孟歌直視著他,眼神堅定:“你不要替我出醫藥費,更別告訴他們我們認識。”
陸謹川抬起頭,窗外的光照在他臉上,把他的眼窩襯得很深。
他張了張嘴,像是想說甚麼,最後只應了一個字,“好。”
“謝謝你。”孟歌由衷地向他道謝。
她知道以陸謹川的性格,就算她沒交代,他對孟弘義也會比對尋常病人更上心一點。
跟他是不是還喜歡她無關,而是他本身就是一個不錯的人。
“我媽媽偷偷去看過圓圓緩緩,沒有給你帶來麻煩吧?”陸謹川沒有過問他們父女之間的關係,換了個話題想讓她輕鬆一些。
“讓她破費了。”孟歌依稀記得許瓊林送的見面禮不便宜。
圓圓是個大漏勺,在學校裡遇到甚麼人都會跟她交代得清清楚楚,許瓊林當然也不會落下。
尤其她送的禮物那麼搶眼,她很難忽略。
“她很喜歡圓圓緩緩,經常在我面前提起他們。”陸謹川偷瞄著孟歌的反應。
分手以來他沒見過孟歌和哪位異性走得近,哪怕她不肯給機會,他也總是存著一絲希望。
“都過去了。”孟歌不想陸謹川再把時間浪費在她身上。
陸謹川聽懂了她的言外之意,面上依舊掛著笑:“我還是那句話,你有需要儘管找我,哪怕是以朋友的名義。”
孟歌點到為止地站起來,椅子腿在木地板上刮出短促的聲響,“總之這次麻煩你了,有新的進展隨時通知我。”
“嗯。”陸謹川跟著她起身往外走。
午後的陽光兜頭砸下來,她望向不遠處的住院部,到底沒有往那裡去的勇氣。
手機在口袋裡震動了好幾下。
Z:【明天去鄭奶奶那裡?帶上圓圓緩緩】
Z:【你去二院了?】
Z:【跟陸謹川有甚麼好聊的?】
鍾紀淳前兩天逼著她把微信加上了,發訊息的頻率比以往都更囂張。
孟歌沒急著回覆,在停車場跟陸謹川告別。
臨近幼兒園放學時間,她乾脆開車去接圓圓緩緩。
把車停好處理了幾條工作訊息,車窗被人敲了敲。
孟歌降下車窗,看到鍾紀淳那張五官深刻的臉,“有時間跟陸謹川見面,不回我訊息?”
“你在我身上裝監控了?”孟歌不明白怎麼甚麼事兒都沒瞞過他。
鍾紀淳揚了揚唇,居高臨下地看著她,“連璽有事去二院,在路口撞見你們了。”
孟歌忘了醫療系統還有連璽這個間諜。
正愣神著,又聽他問道:“你父親那邊,真的不要我幫忙嗎?”
二院的骨科在國內是前三水平,但人不能在一棵樹上吊死,總要多嘗試些機會。
有鍾紀淳幫忙,可以聯合國內外的專家進行會診,屆時再選取最優的方案。
孟歌懂他的意思,只是她還不確定是不是要繼續接受他的好意。而且她跟孟弘義夫妻關係不睦,扯上鍾紀淳又要添上不少麻煩。

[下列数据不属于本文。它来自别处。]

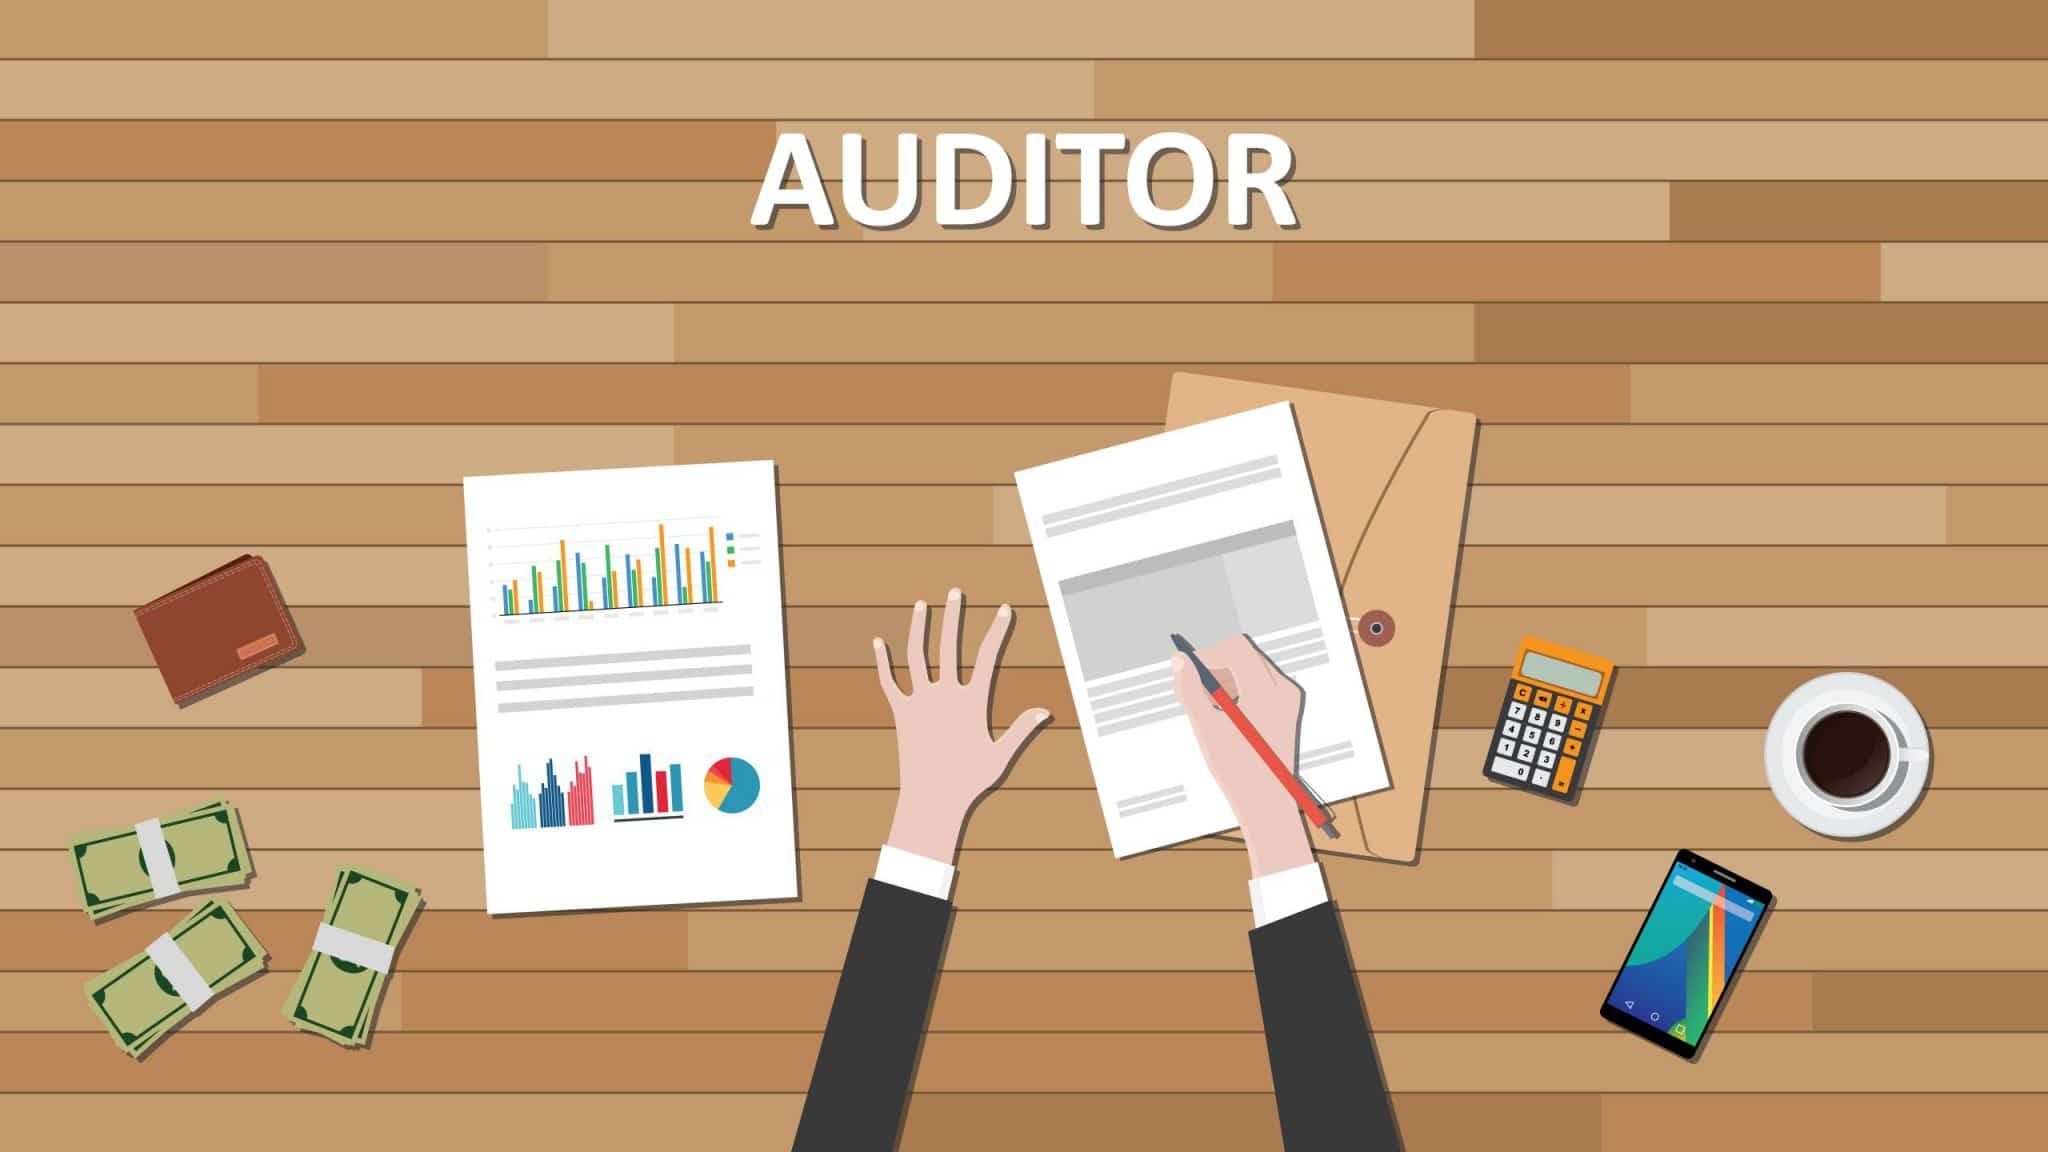 Schulung Auditoren Qualifikation

“或者你要不要先跟我聊聊,孟弘義夫妻過去是怎麼對你的?”
這世上能做到以德報怨的人往往是少數,至少鍾紀淳不認為自己是這樣的人。
他看過周軼的那篇長文,零星提到的字句裡,孟歌原生家庭對她並不好。
人都有自己的私心,他之所以提起孟弘義,無非是拿來接近她的藉口。